2017-07-25 17 views
0

我有一個包含'曲線'的大型SQL數據庫。每條曲線都有一個ID(曲線ID)。我試圖確定每條曲線的主要用戶,以及是否使用它。爲了實現這一點,DBA提供了對數據庫執行的所有語句的日誌。解析T-SQL來提取WHERE子句的一部分

這些陳述非常複雜。我想要做的是提取正在查詢的曲線。

示例陳述如下:

WITH G AS (SELECT [Timevalue] FROM [mc].[GranularityLookup] 
WHERE [TimeValue] BETWEEN '19-Jul-2017 00:00' AND '30-Sep-2017 00:00' 
AND [1 Hr] = 1), 
D AS (SELECT [CurveID], [DeliveryDate], [PublishDate], AVG([Value]) Value, MAX([PeriodNumber]) PeriodNumber 
FROM mc.CURVEID_6657_1_LATEST data 
JOIN 
(SELECT CurveID ID, DeliveryDate dDate, MAX(PublishDate) pDate 
FROM mc.CURVEID_6657_1_LATEST 
WHERE CurveID = 90564 
    AND DeliveryDate >= '19-Jul-2017 00:00' AND DeliveryDate <= '30-Sep-2017 00:00' 
GROUP BY DeliveryDate, CurveID) Dates 
ON data.DeliveryDate = dates.dDate AND data.PublishDate = dates.pDate 
WHERE data.CurveID = 90564 
AND data.DeliveryDate >= '19-Jul-2017 00:00' AND data.DeliveryDate <= '30-Sep-2017 00:00' 
GROUP BY [CurveID], [PublishDate], [DeliveryDate]) 
SELECT 
G.[TimeValue] [Deliver 
yDate] , D.[PublishDate], D.[Value], D.[PeriodNumber] 
FROM 
G 
LEFT JOIN 
D 
ON 
G.[TimeValue] = D.[DeliveryDate] 
ORDER BY DeliveryDate ASC, PeriodNumber ASC, publishDate DESC 

從這句話中,所有我感興趣的是提取用戶查詢的curveid 90564.

聲明也可能類似於以下任一操作:

SELECT * FROM anytable WHERE curveid = 123 AND deliverydate BETWEEN '2017-01-01' AND 2017-02-01' 

SELECT * FROM mc.anytable WHERE curveid IN (1,2,3,4,5,6,7) 

再次,我想知道的是曲線ID。

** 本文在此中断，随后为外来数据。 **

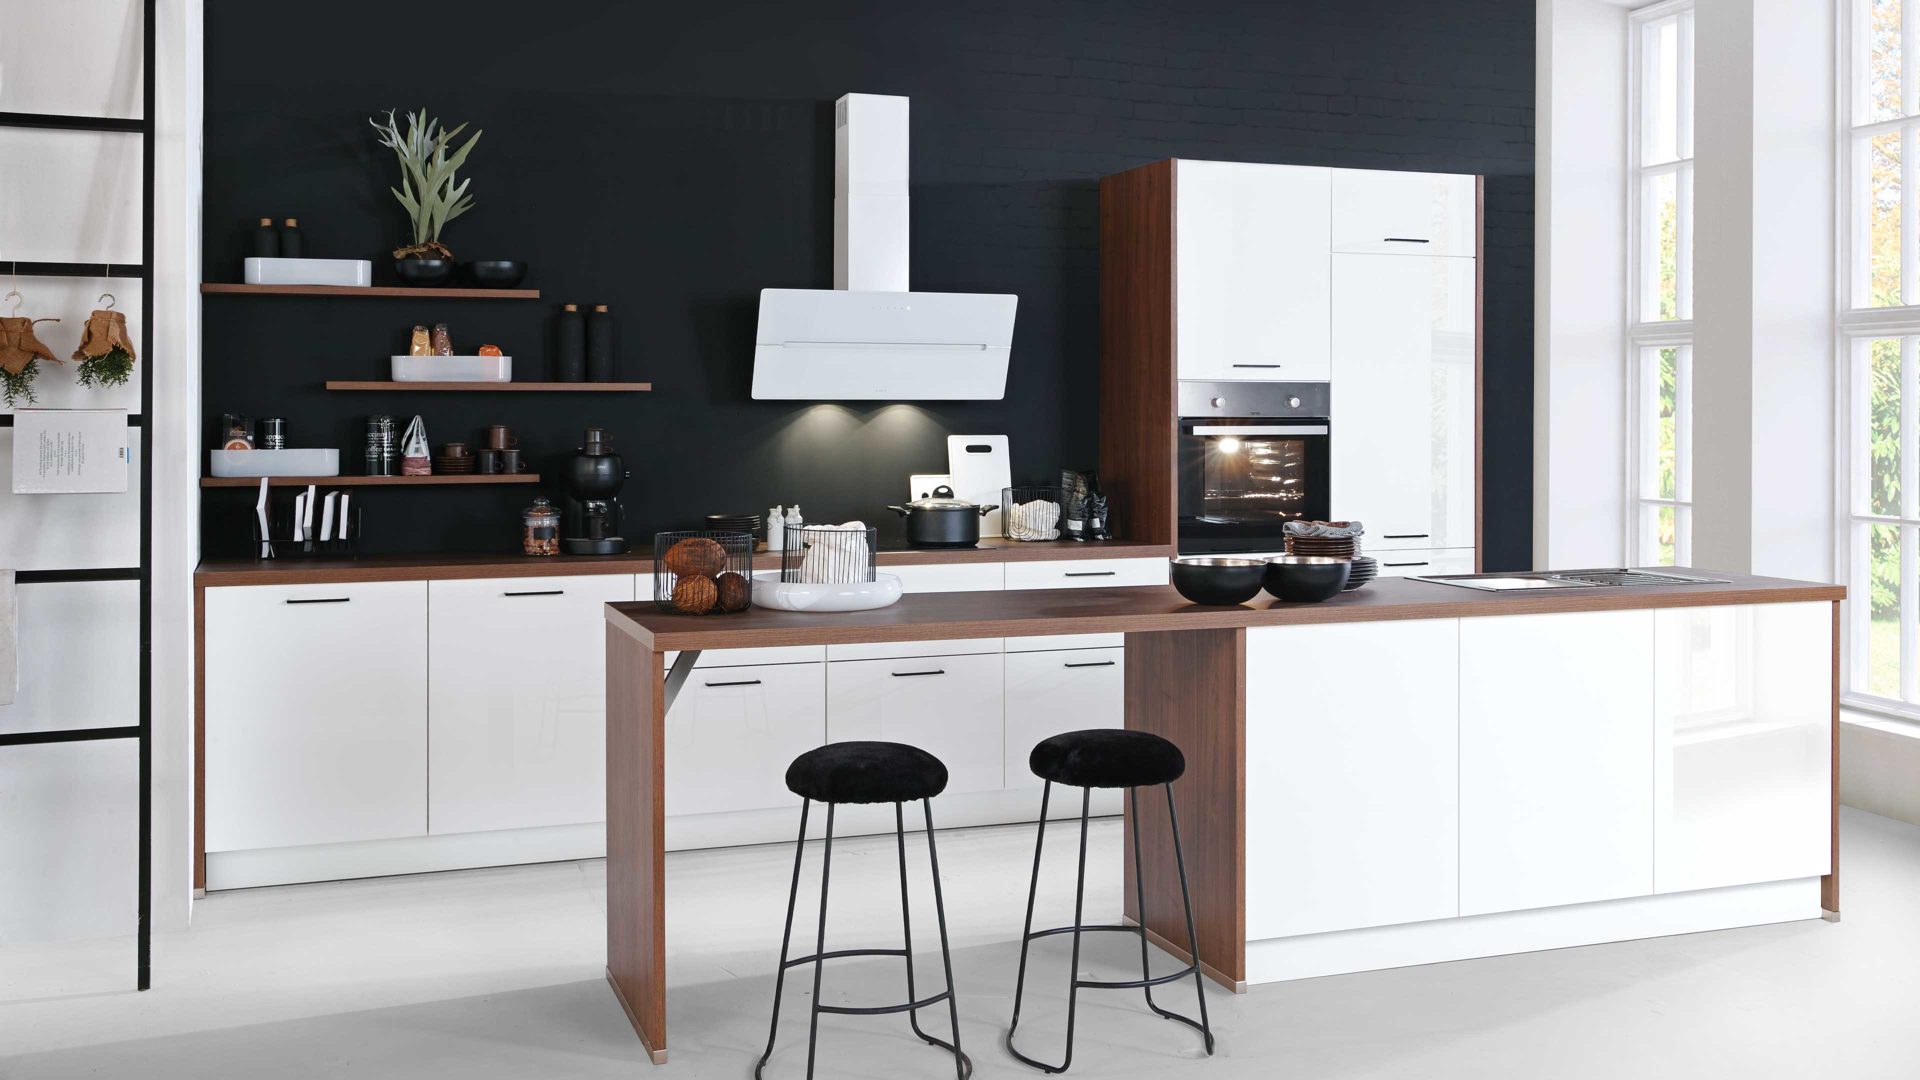 Einbauküche Express küchen aus Holz in Holzfarben EXPRESS KÜCHEN Einbauküche Star mit Geräten Weiß & Eiche braungrau - zweizeilig

我不在乎其他任何條款。

我使用Microsoft.SqlServer.TransactSql.ScriptDom命名空間解析SQL,並已經得到的地步,我可以找出所有WHERE使用類似的代碼下面的語句(從其他樣本拼湊起來):

string sql = @"WITH 
      G AS (SELECT [Timevalue] FROM [mc].[GranularityLookup] 
      WHERE [TimeValue] BETWEEN '19-Jul-2017 00:00' AND '30-Sep-2017 00:00' 
      AND [1 Hr] = 1), 
      D AS (SELECT [CurveID], [DeliveryDate], [PublishDate], AVG([Value]) Value, MAX([PeriodNumber]) PeriodNumber 
      FROM mc.CURVEID_6657_1_LATEST data 
      JOIN 
      (SELECT CurveID ID, DeliveryDate dDate, MAX(PublishDate) pDate 
      FROM mc.CURVEID_6657_1_LATEST 
      WHERE CurveID = 90564 
       AND DeliveryDate >= '19-Jul-2017 00:00' AND DeliveryDate <= '30-Sep-2017 00:00' 
      GROUP BY DeliveryDate, CurveID) Dates 
      ON data.DeliveryDate = dates.dDate AND data.PublishDate = dates.pDate 
      WHERE data.CurveID = 90564 
      AND data.DeliveryDate >= '19-Jul-2017 00:00' AND data.DeliveryDate <= '30-Sep-2017 00:00' 
      GROUP BY [CurveID], [PublishDate], [DeliveryDate]) 
      SELECT 
      G.[TimeValue] [Deliver 
      yDate] , D.[PublishDate], D.[Value], D.[PeriodNumber]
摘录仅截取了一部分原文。